Reshma Gandhi

Personal information
- Born: 16 December 1974 (age 51) Ahmednagar, India
- Batting: Right-handed
- Role: Wicket-keeper

International information
- National side: India;
- ODI debut (cap 54): 26 June 1999 v Ireland
- Last ODI: 11 July 1999 v England

Career statistics
| Competition | WODI |
| Matches | 2 |
| Runs scored | 122 |
| Batting average | 122 |
| 100s/50s | 1/0 |
| Top score | 104* |
| Catches/stumpings | 1/1 |
- Source: CricketArchive, 8 May 2020

= Reshma Gandhi =

Indian cricketer (born 1974)

Reshma Gandhi (born 16 December 1974) is a former One Day International cricketer who represented India.

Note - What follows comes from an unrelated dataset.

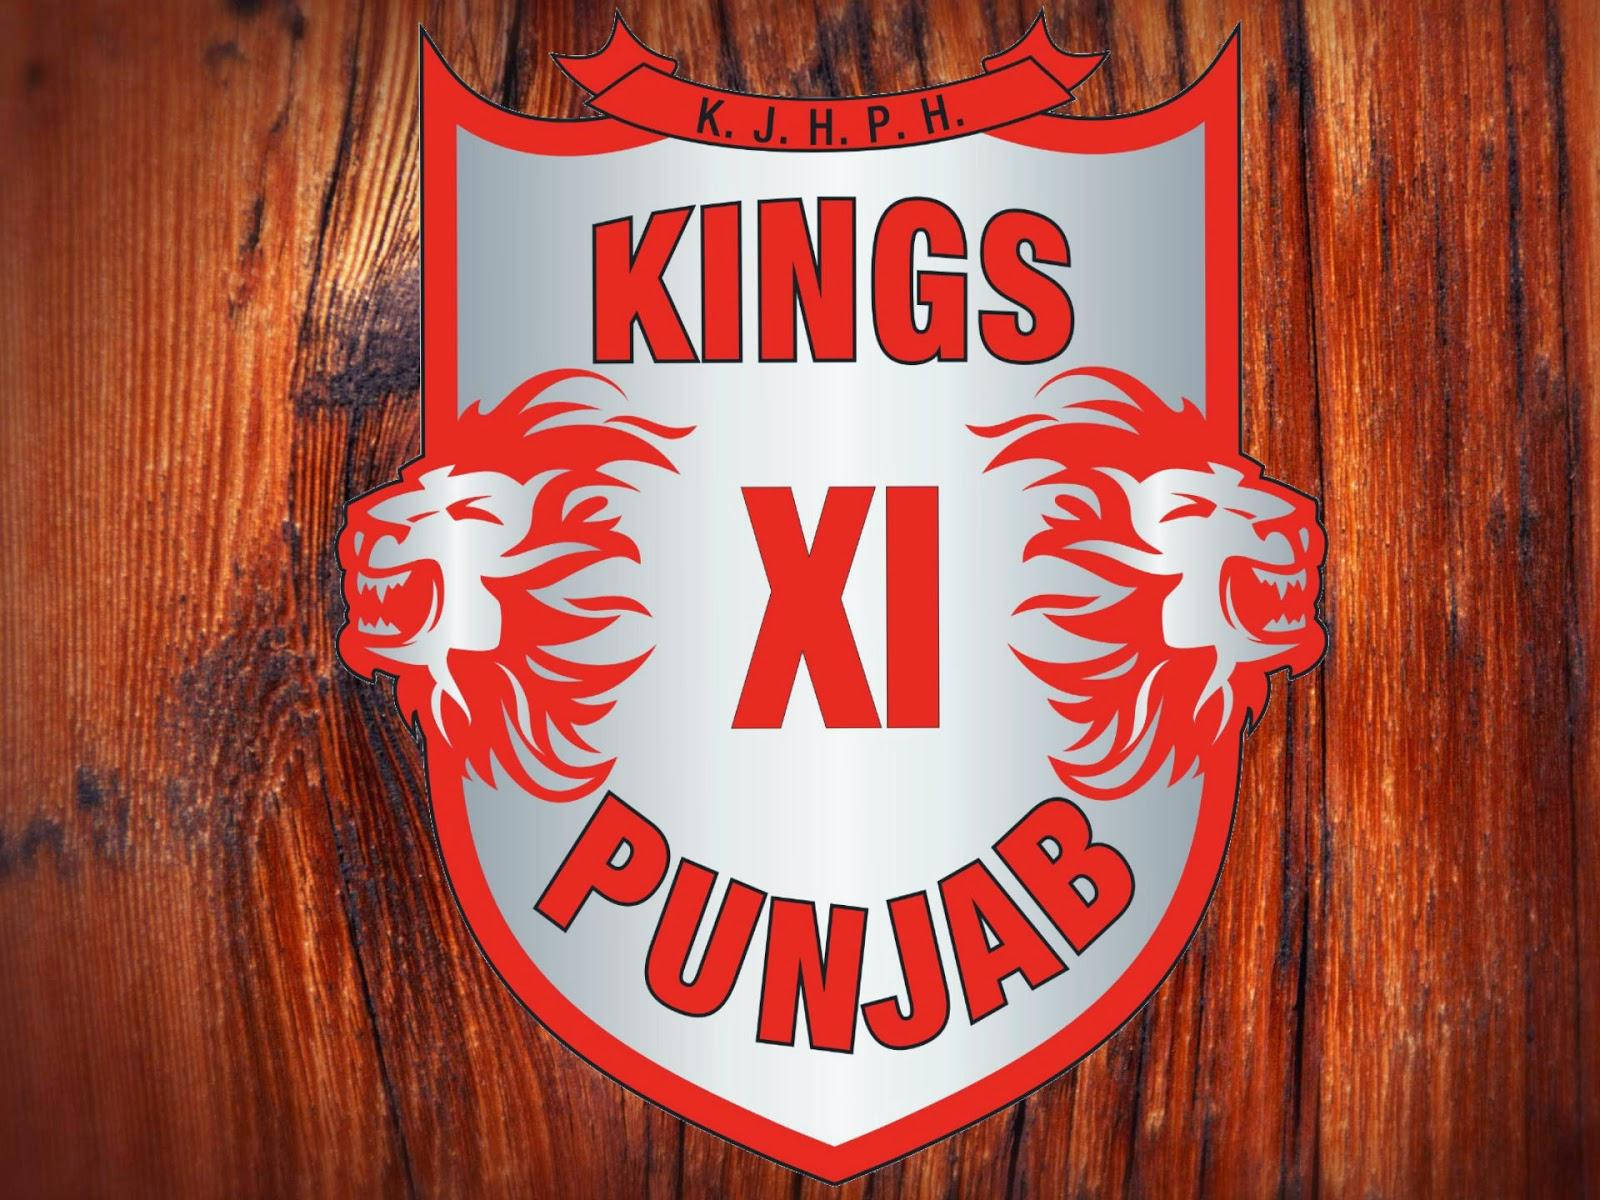 Punjab Kings On Wood Background

She is a right-handed batter and wicket-keeper.

==International career==
She has played two ODIs as a wicket-keeper and also scored an unbeaten century.

Gandhi is one of the five woman cricketers who have scored a century on debut. It was in Ireland against Ireland women's cricket team in 1999. She, along with Mithali Raj had a partnership of 258 unbroken runs, where Gandhi scored 104 runs while Raj scored an unbeaten 114 runs.